BUSINESS

FinMin seeks gas allocation details from Power Ministry

Source:PTI
November 04, 2013 20:55 IST

The Finance Ministry has sought from the Power Ministry details of fuel allocation to gas-based plants before giving its nod to pool prices of imported and domestically produced natural gas.

"Ministry of Finance has asked us to provide the gas allocation list of power plants and also the ones which have signed PPAs (Power Purchase Agreements)," a Power Ministry official told PTI.

The ministry has proposed to pool prices of imported and domestically produced natural gas to be supplied to power plants stranded due to drop in production of the fuel from Reliance Industries' KG-D6 block.

The ministry floated a Cabinet note last month to seek approval to pool imported liquefied natural gas (LNG) with the fuel available from the KG-D6 block after meeting the requirements of fertiliser units. The move is aimed at helping gas-starved power plants.
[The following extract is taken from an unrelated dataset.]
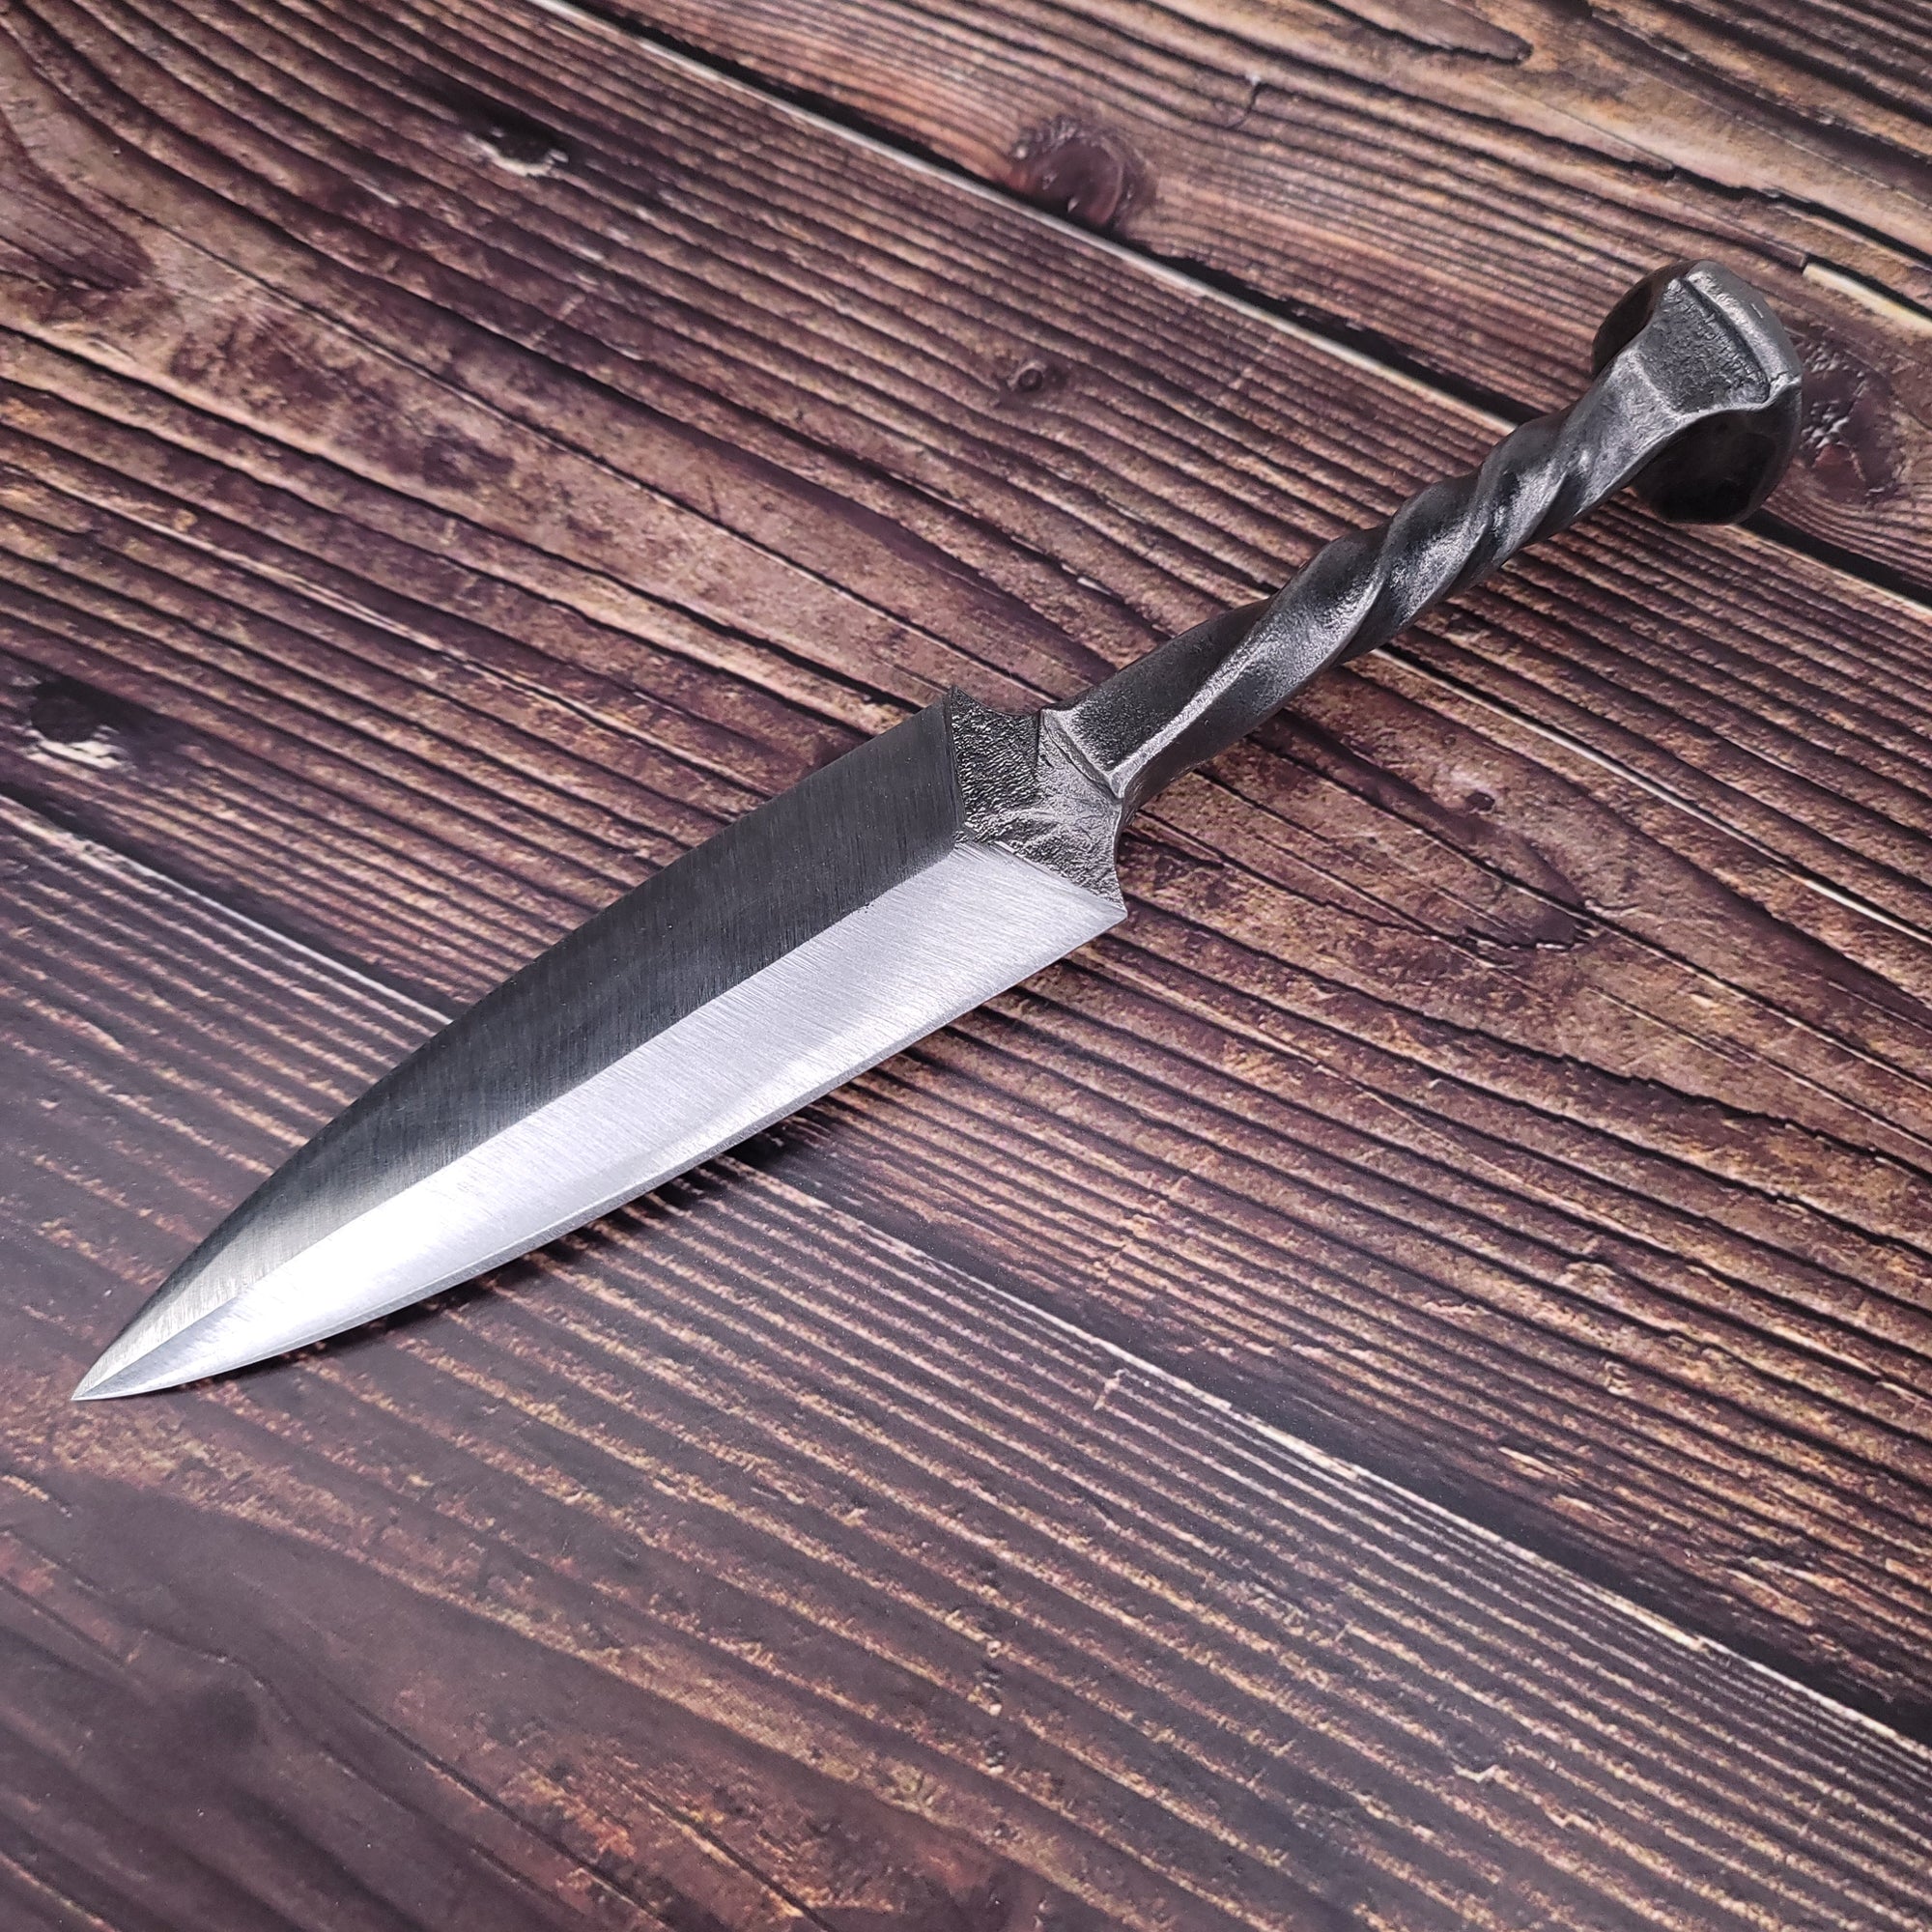 Silver Moon Athame - Moon Water Ceremonial Dagger Forged from a Reclaimed Railway Spike

As per the ministry's proposal, during 2014-15, around 3,000 MW capacity power plants will get gas under the gas-pooling mechanism. The electricity produced from these plants is likely to be sold at a tariff of Rs 7 per unit.

The proposed electricity tariff was derived after pooling the prices of imported and domestic gas and deducting government subsidy, which requires approval, the official said.

The tariff may increase to Rs 7.50 per unit in 2015-16, when gas will be made available to additional power plants.

And in the financial year 2015-16, the remaining 4,800 MW capacity plants will also be able to get gas.

Currently, 7,800 MW of gas-based power generation is stuck due to scarcity of natural gas.

The proposal will be finalised once the Finance Ministry agrees to provide the subsidy. State-run GAIL India will be the facilitator for the price-pooling mechanism.

The price of KG-D6 gas was set at $4.2 per million British thermal units by the government and is proposed to be doubled from April 2014. LNG costs about $13-14 per mmBtu.

The fertiliser sector currently gets 31 million standard cubic metres a day of gas from domestic fields.